One day not too far away, the alienated “middleish class” will no longer be happy permanently stuck between wealthy Left-liberals engaged in 24/7 pc virtue-signalling, and the ever more bombastic Right demanding that government pay more attention to the fears of ordinary people. 

Making the political Executive slaves to the whims of The People is every bit as dangerous as letting the twin elements of the genuine fascist State (totalitarian ideology and monopolist business) drive a giant combine harvester through our freedoms. Both the governors and the governed have to take equal responsibility, dump fear of the unknown, share far more of the power available and behave in a manner conducive to the creation of a stable, fulfilled society – to the maximum degree possible, given the nature of the soi-disant species Homo sapiens.

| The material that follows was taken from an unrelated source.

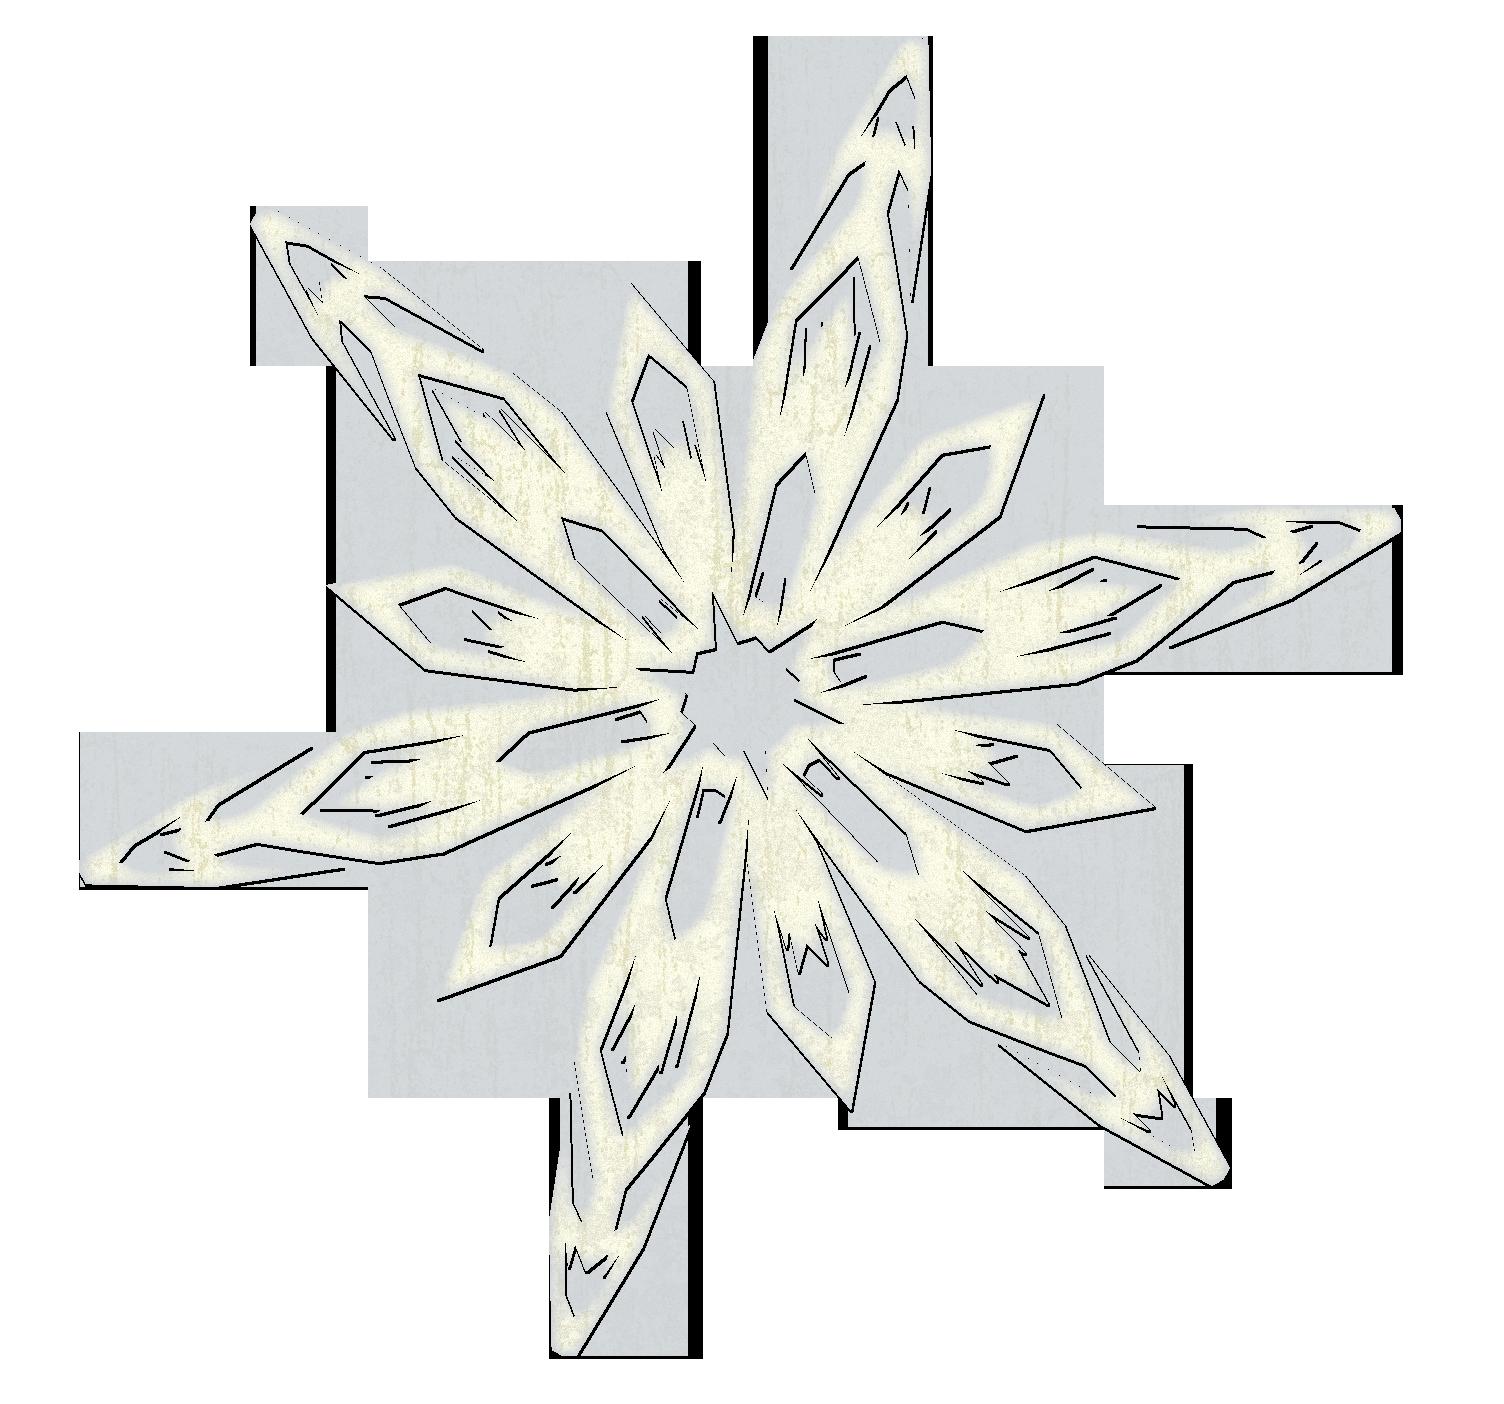 Snowflakes PNG Image Snowflakes, Png images, Image
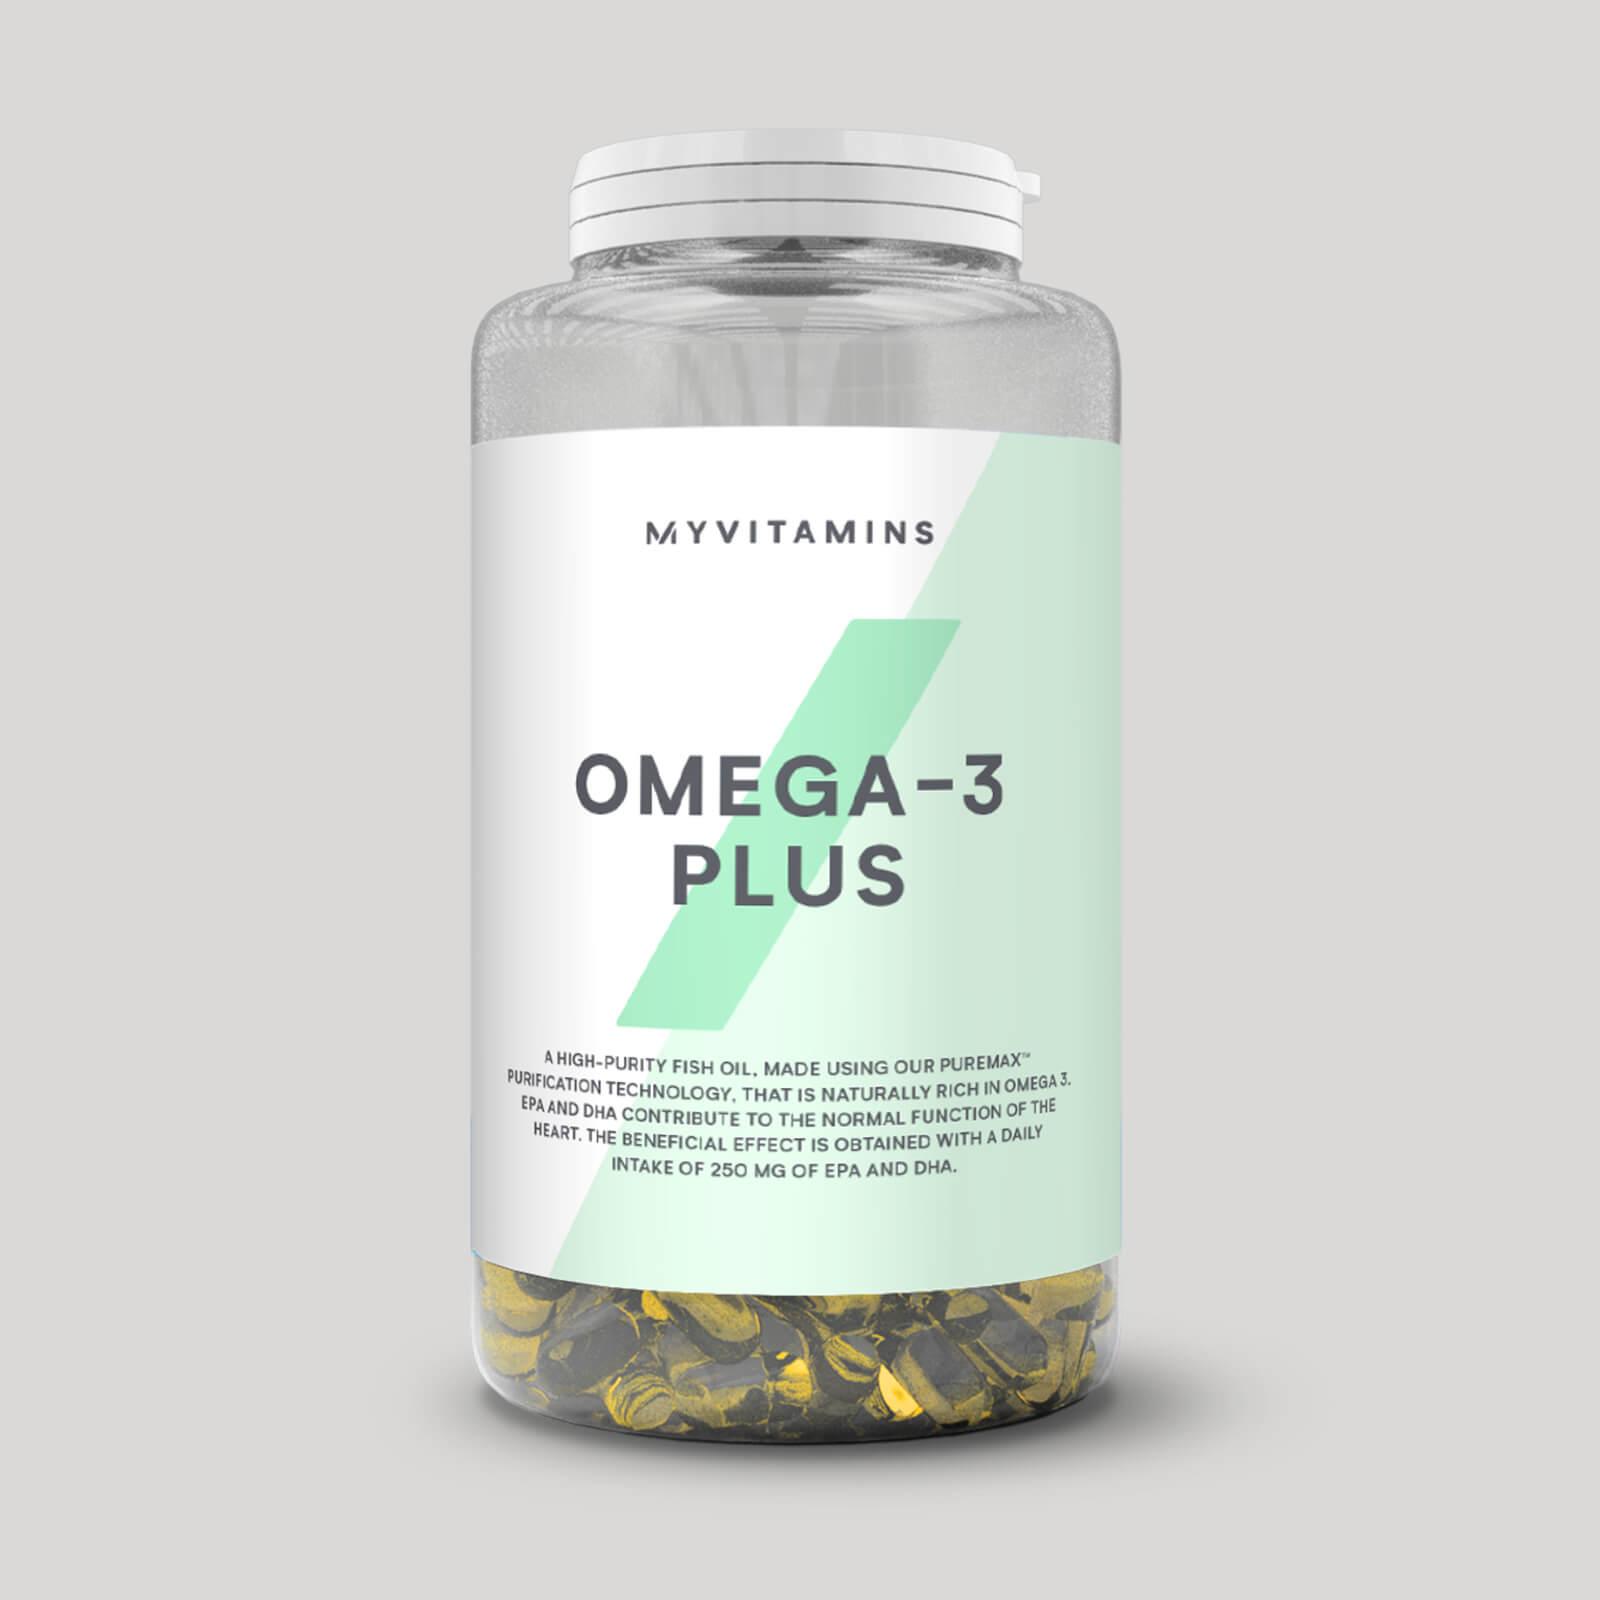 Omega 3 MyProtein

In the meantime, the three regions are obsessed with Trump, Tory leadership farces, Macron, Brexit and Italy. These remain what they’ve always been: symptoms of a disconnection between citizenry and élite. More and more, I sense the need for a pressure group comprising a unity of youth, the retired, the impoverished and the deprived. But culturally and historically, the timing is wrong: there are too many people looking in vain for extreme solutions and genuine Messiahs.